069P London, UK Pharmacology 2017 |
Hazards of using “masking protocols” when performing ligand binding assays: lessons to be learned from the sigma-1 and sigma-2 receptors
Introduction: Sigma-2 receptors are emerging cancer therapeutic targets [1]. Unfortunately, quantitation of sigma-2 receptors frequently employs the use of the non-selective pan sigma radioligand, di-O-tolyl guanidine (DTG) in the presence of sigma-1 selective agents ((+) pentazocine or dextrallorphan) to “mask” this receptor [2, 3]. Here, we explain why this approach should not be used.

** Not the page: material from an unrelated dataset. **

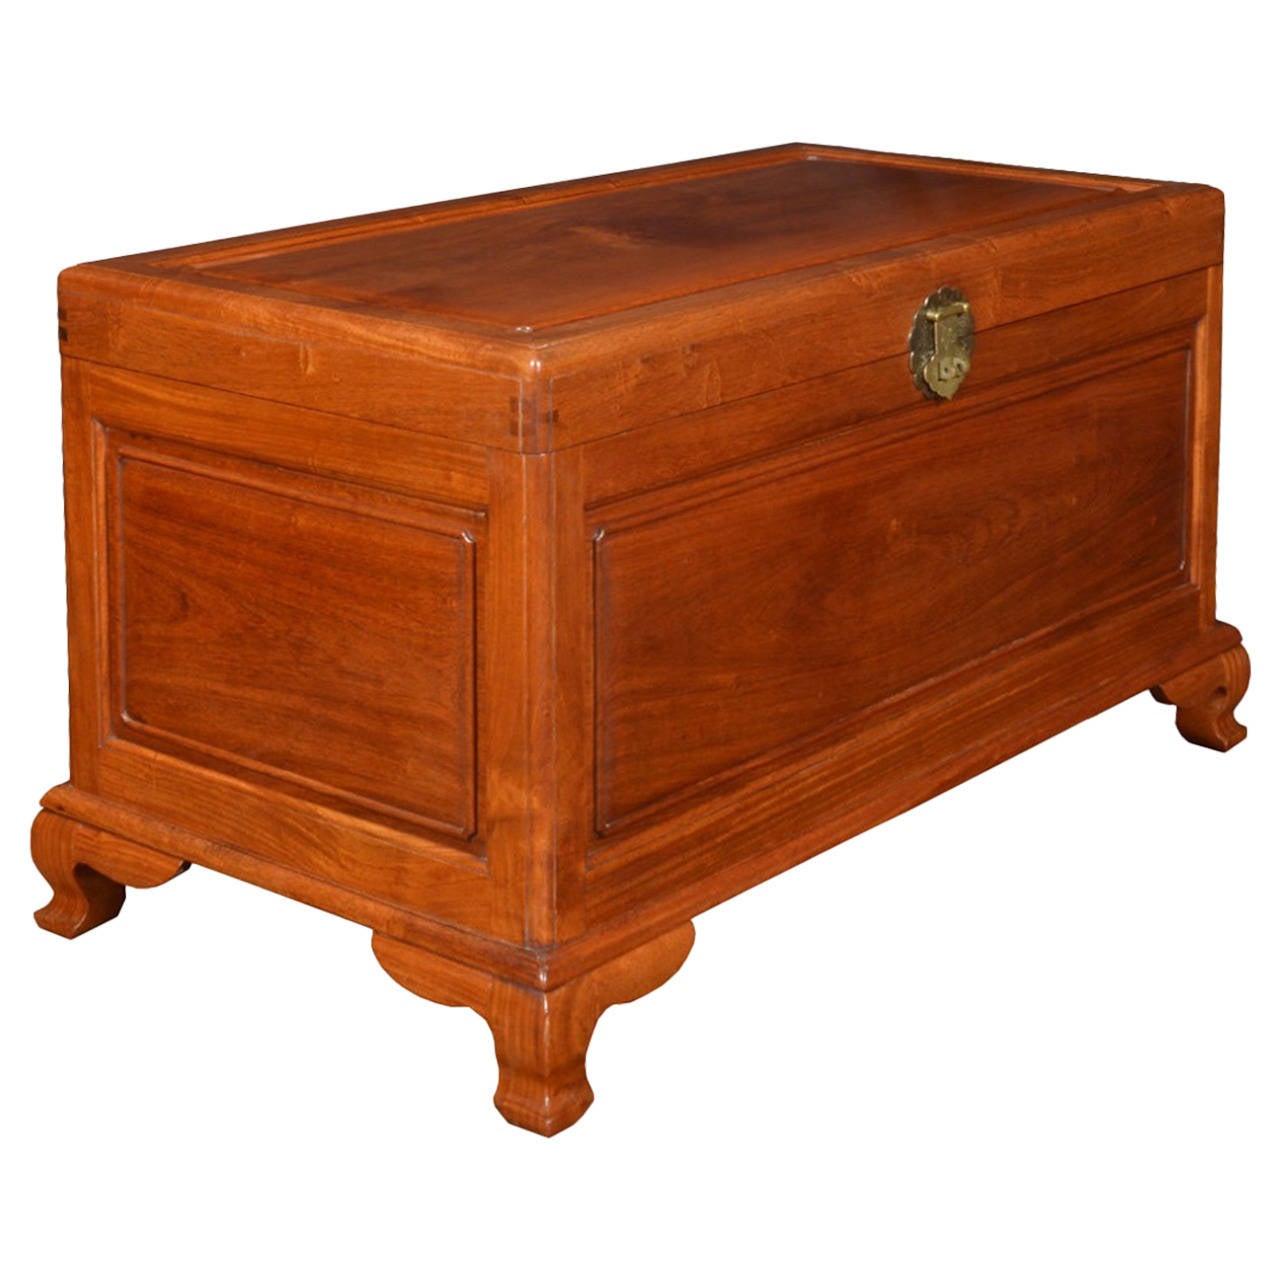 Chinese Export Camphor Wood Trunk Coffee Table For Sale At 1stdibs

Methods: We have calculated saturation and competition binding data using previously published affinities of sigma ligands [4, 5, 6] using standard rectangular hyperbolic and sigmoidal parameters. We have determined how many sigma-1 receptors remain masked and how many sigma-2 receptors are undiscovered using these protocols. Data analysis has been performed using GraphPad Prism.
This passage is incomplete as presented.